Interestingly, it’s become even more important to manufacturers to find these kinds of improved robotics capabilities due to the COVID-19 pandemic, especially when it comes to assembling products, he said.
“If you think about assembly, it has largely been a lot of people working in proximity to each other, assembling a complex product,” he said. “That kind of proximity doesn't work anymore. People need to have distance, which means you have to do more with less. And that's where having robots assisting and enabling the automation of this assembly enables worker safety, and enables production quality to be high, in spite of these frustrations.”
Those heightened needs, brought on by the pandemic, are what have allowed Akasha Imaging to close commercial contracts in the last six months for their AI vision technology “This has now become of strategic importance to companies,” he said.
“When we were in the middle of successful factory validations in February [and March], when the [COVID-19] lockdowns went into effect, we thought at that point that things would not be moving at all for a while,” said Venkataraman. “But, instead, we found that the whole thing accelerated, and we found that managers at the companies we were speaking to were realizing that pandemics may last a long time and may happen again. So, they're putting a lot of effort into automation.”
Akasha’s latest $10.75 million funding round was led by Khosla Ventures, with Sierra Ventures and Promus Ventures participating.
Karl Freund, a senior analyst for HPC and machine learning with Moor Insights & Strategy, told EnterpriseAI that image processing is shifting to manufacturing and robotics today, with improved accuracy, reliability, form factors, and costs.
“3D imaging will transition from fringe to mainstream use cases as these products get to market,” said Freund. “Certainly, Akasha’s ability to secure funding from smart guys like Vinod Khosla says a great deal about their technology,” he added.
Akasha Technology Developed at MIT Media Lab
The core technologies at Akasha Imaging were developed at MIT Media Lab a few years ago by fellow company co-founders Achuta Kadambi and Romesh Raskar, said Venkataraman. In 2019, the co-founders connected with a customer who communicated their problems with AI vision, which inspired the continuing development of the company’s technology. The ClearSight Deep Imaging System took about a year to develop and productize in its current form.

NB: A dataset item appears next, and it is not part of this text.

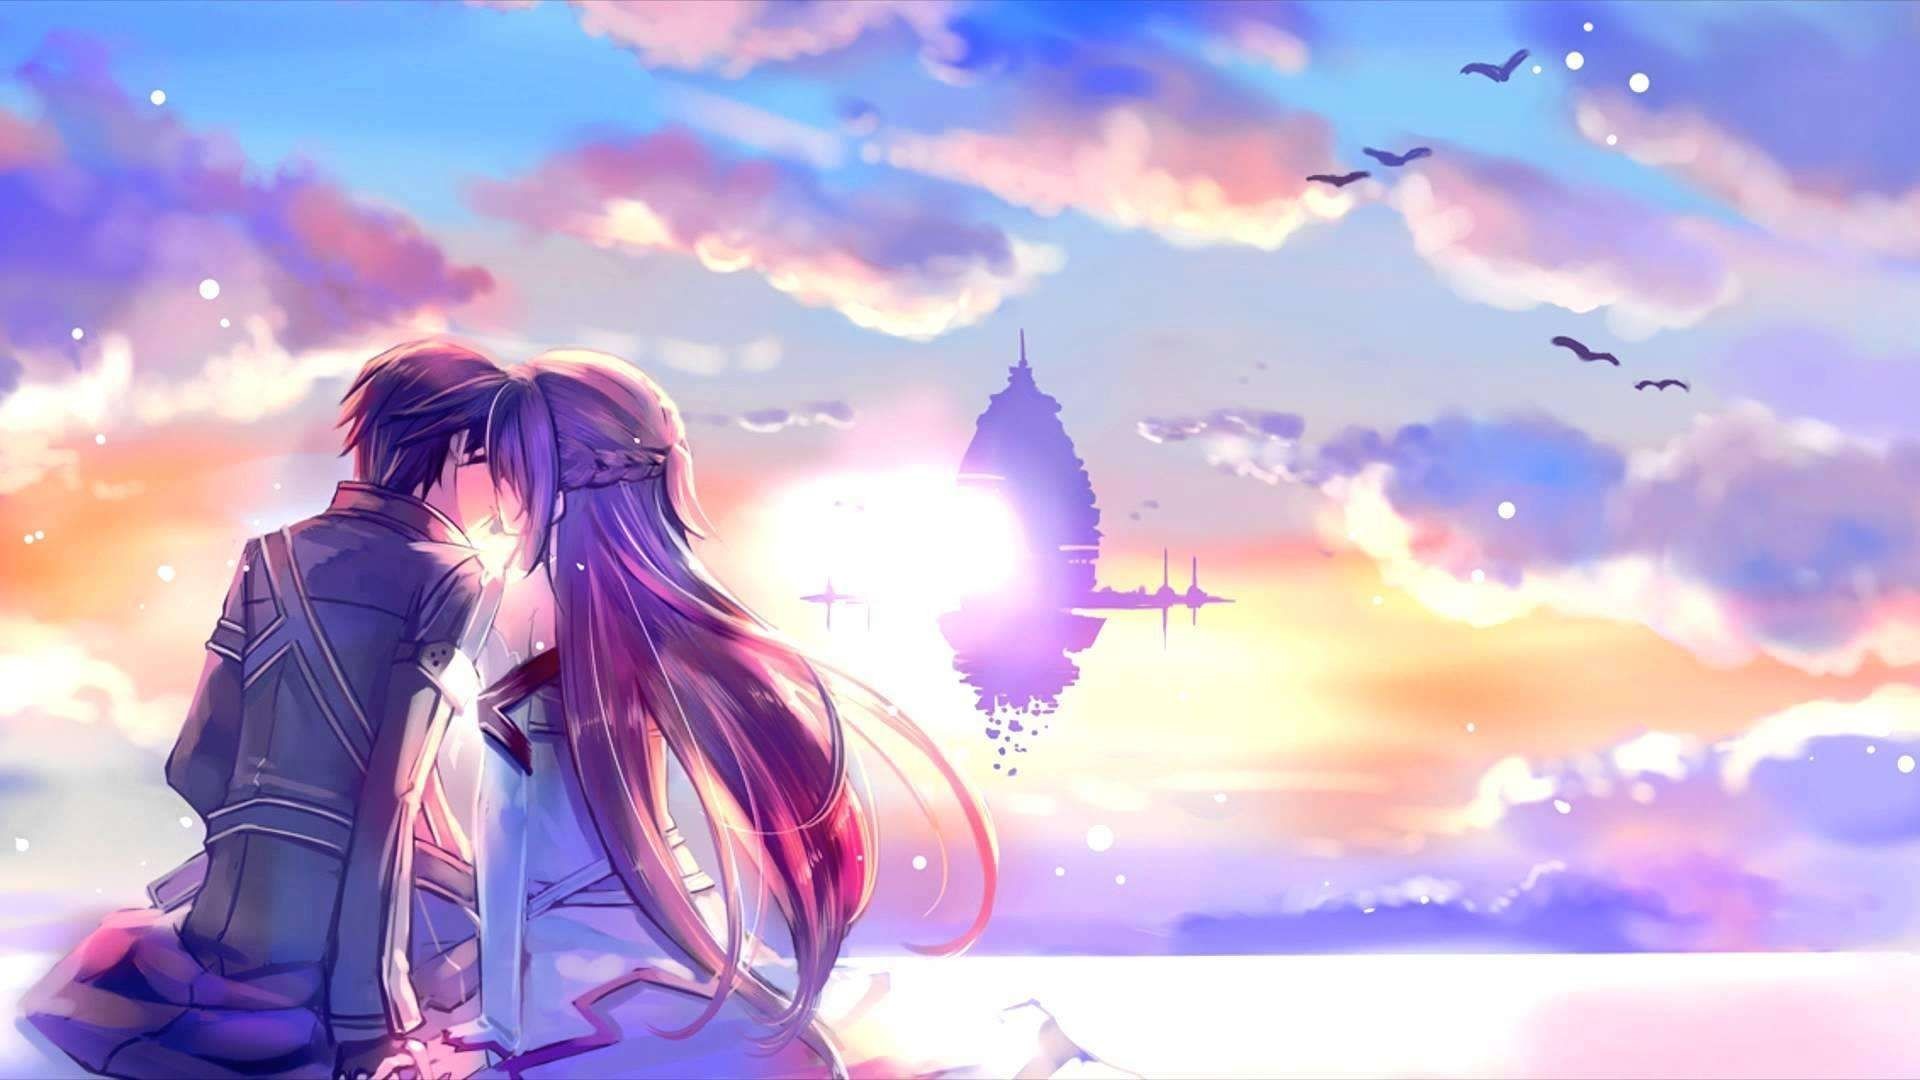 1920x1080  New Anime Love Wallpaper HD 1080p at HDWallWide.com. High  definition 25071 of Anime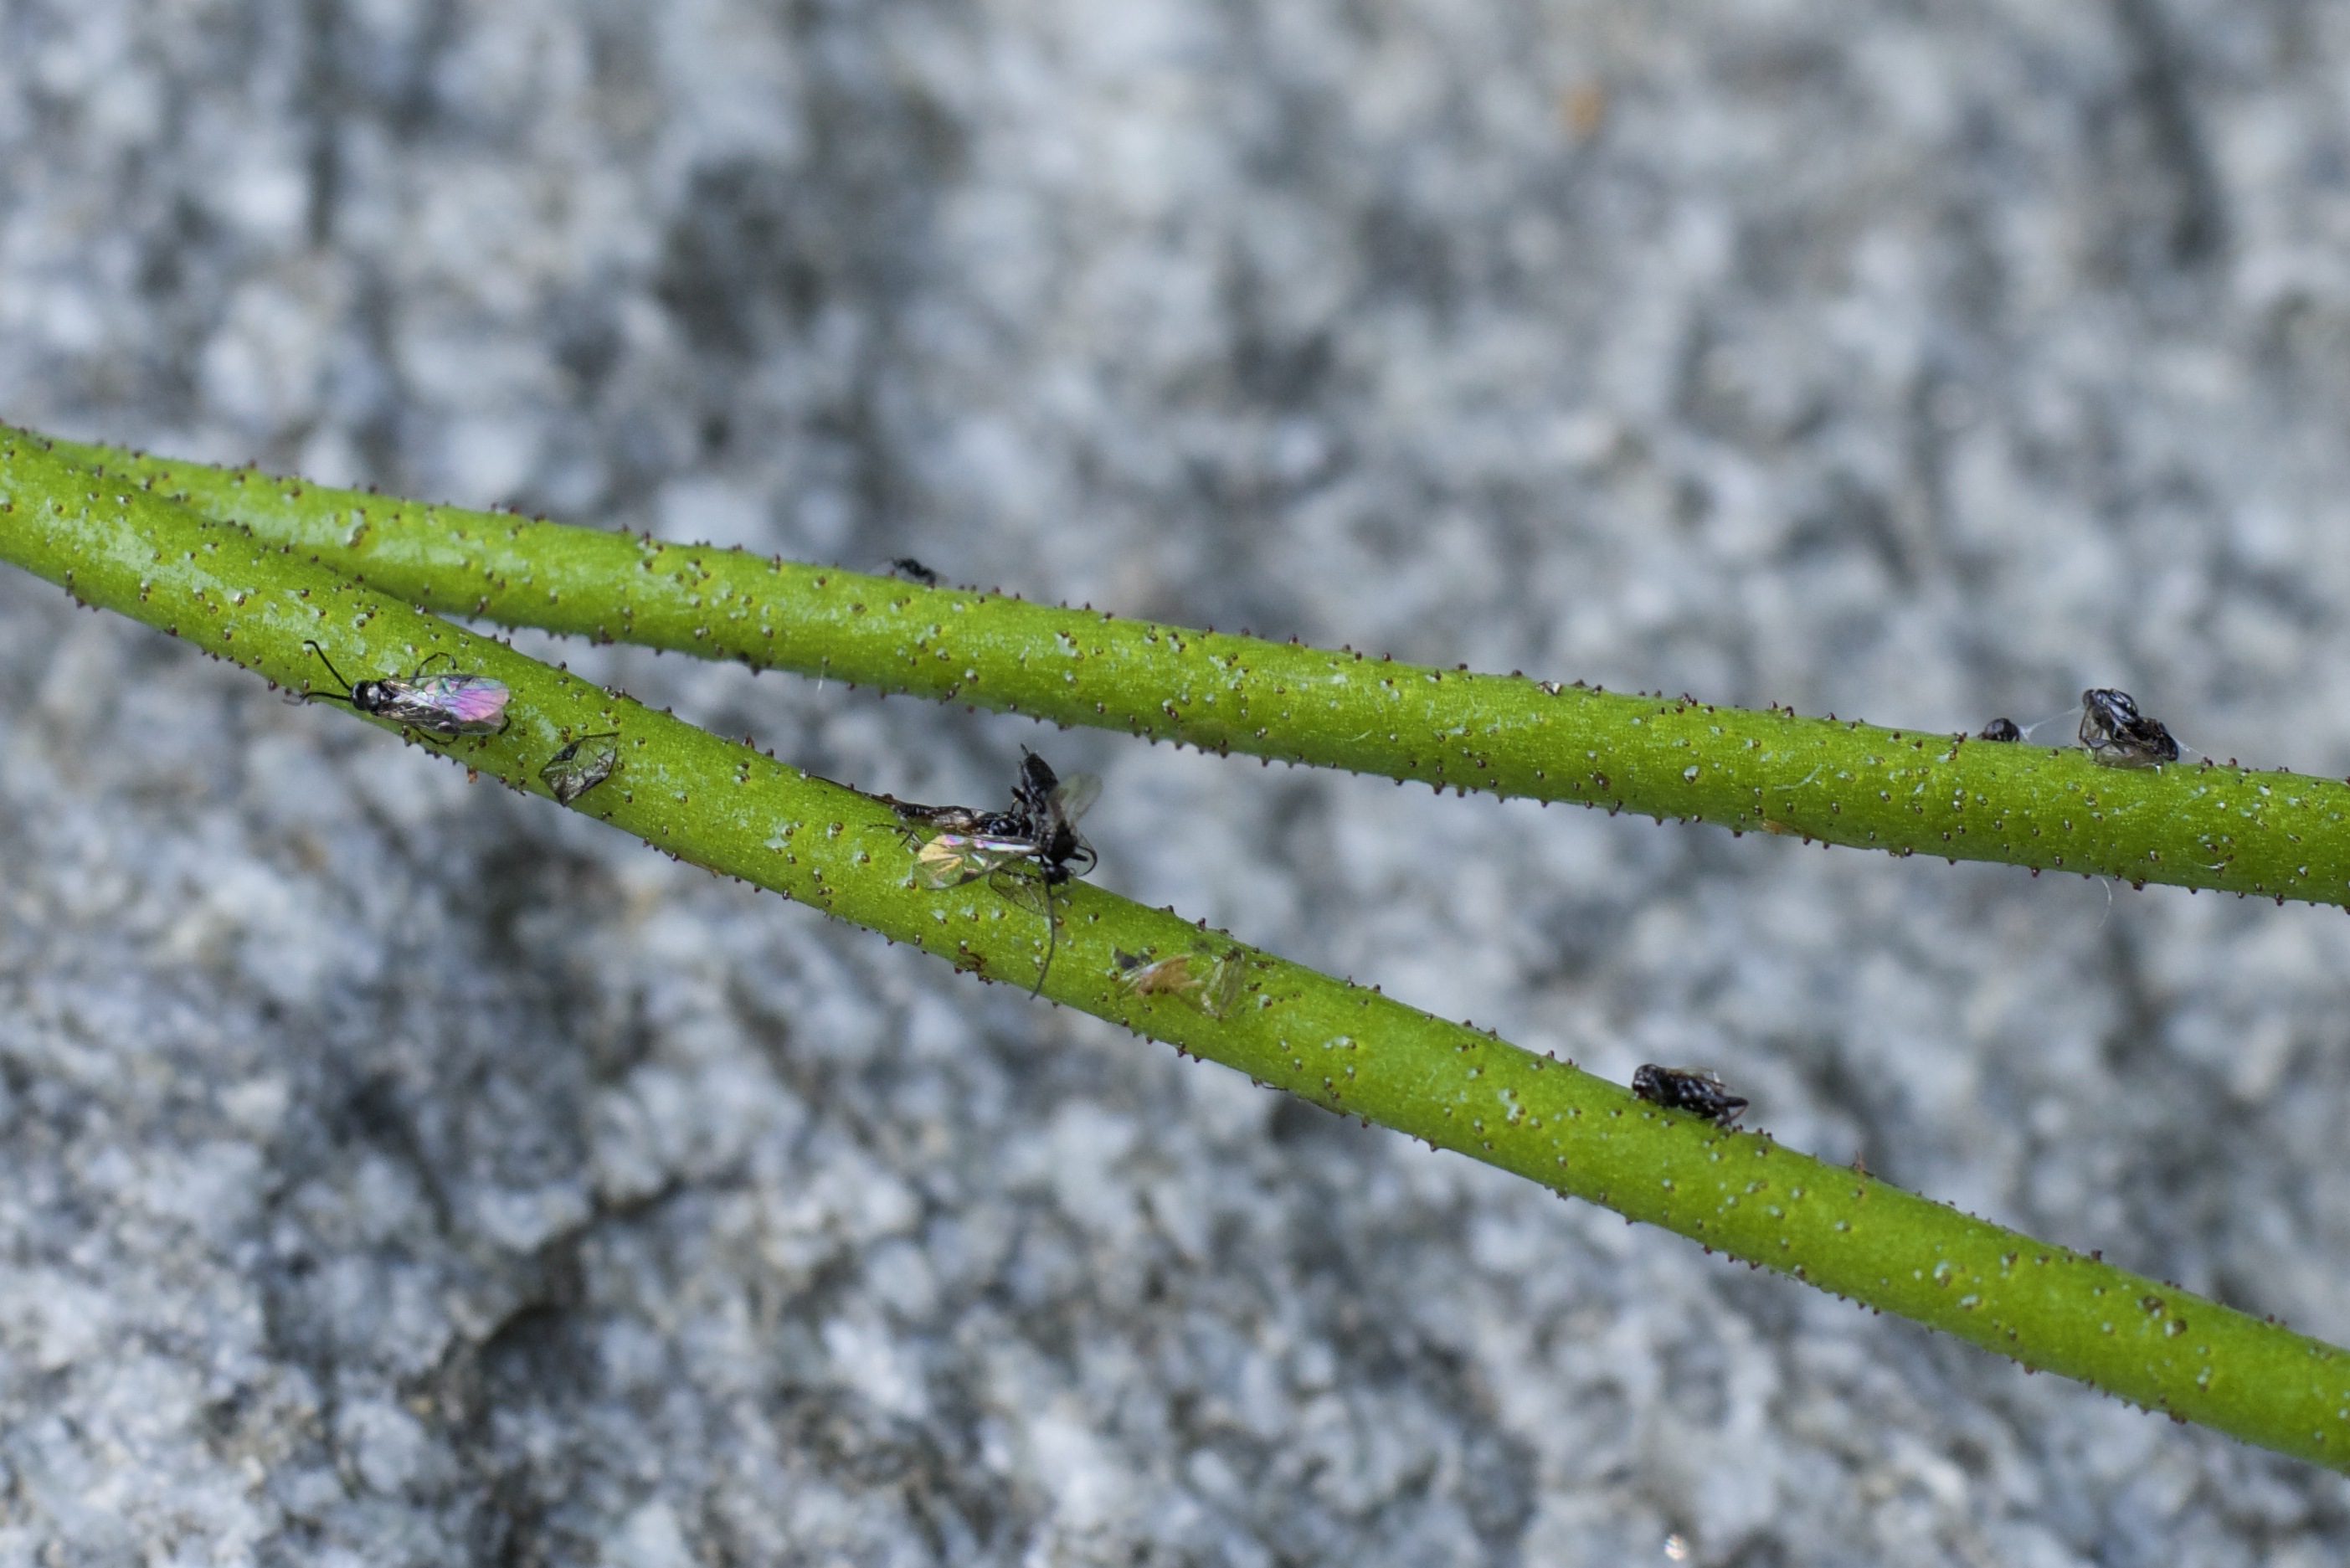 Fresh field specimens are put on a stem of the plant.

Kadambi, who is also the company’s chief scientist, is an assistant professor at UCLA and was named to the 2019 Forbes 30 Under 30 in Science list. Founding scientist Raskar is an MIT professor and serial entrepreneur who previously worked at Google X and Facebook. Venkataraman previously was the CTO and founder of Pelican Imaging and holds more than 100 imaging patents.
The experience and background of the three co-founders in computational imaging and deep learning led to the development of the Akasha ClearSight Deep Imaging System, which produces extreme 3D images in unstructured environments. The addition of Akasha’s technology can give manufacturers up to a 10x improvement in robotic vision on assembly lines by enabling robots to handle a variety of items with extreme accuracy, irrespective of size, material or illumination condition, according to the company.